On Thu, Jun 26, 2025 at 04:11:51PM +0200, David Sterba wrote:
> On Thu, Jun 26, 2025 at 06:50:17PM +0930, Qu Wenruo wrote:
> > 
> > 
> > 在 2025/6/26 17:37, cen zhang 写道:
> > > Hello Btrfs maintainers,
> > > 
> > > I would like to report a kernel BUG, which appears to be a state
> > > management issue in the balance ioctl path.
> > > 
> > > The kernel panics due to a failed assertion in btrfs_exclop_balance()
> > > at fs/btrfs/fs.c:127. The assertion fs_info->exclusive_operation ==
> > > BTRFS_EXCLOP_BALANCE_PAUSED fails, indicating that the function was
> > > called with an unexpected exclusive operation state.
> > > 
> > > Here are the relevant details:
> > > 
> > > Kernel Version: 6.16.0-rc1-g7f6432600434-dirty
> > > Hardware: QEMU Ubuntu 24.04 PC (i440FX + PIIX, 1996)
> > 
> > Reproducer please?
> > 
> > I guess you guys are running syzbot, then please provide the usual 
> > syzbot assets.
> 
> This might be the but that was once reported, I'll try to look it up,
> some edge case of the exclusive ops and the convoluted balance states.

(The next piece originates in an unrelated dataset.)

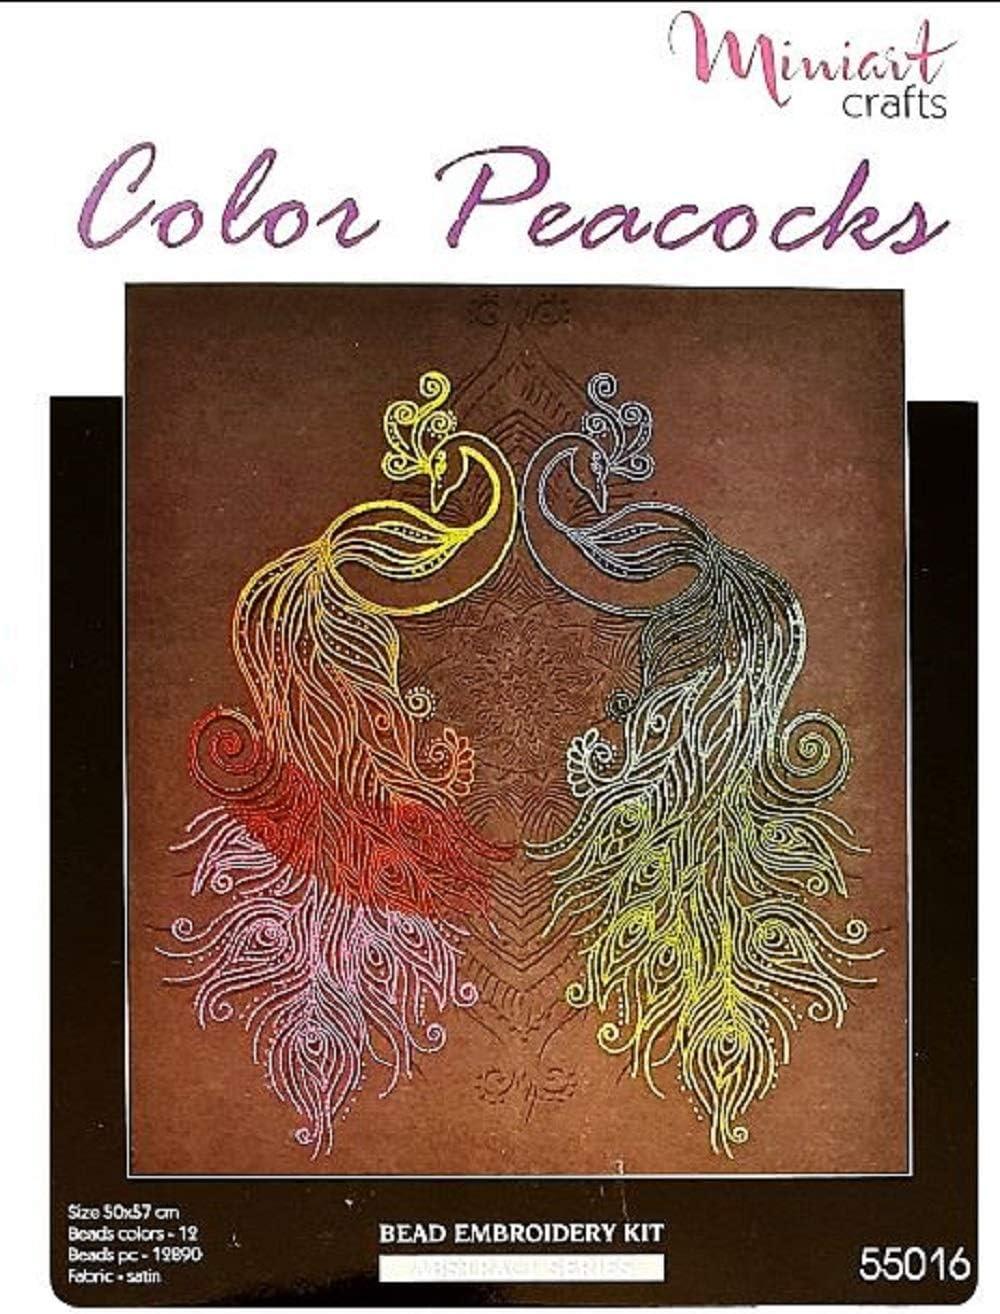 mehrfarbig 40 x 30 cm Miniart Crafts Perlenstickerei-Set

There were several reports and proposed fixes, some of them got merged
https://lore.kernel.org/linux-btrfs/?q=xiaoshoukui

The possible and not merged fix is
https://lore.kernel.org/linux-btrfs/20230810034810.23934-1-xiaoshoukui@gmail.com/

it's adding more balance state bits, this just adds to the number of
possible states and maybe adds more unhandled cases.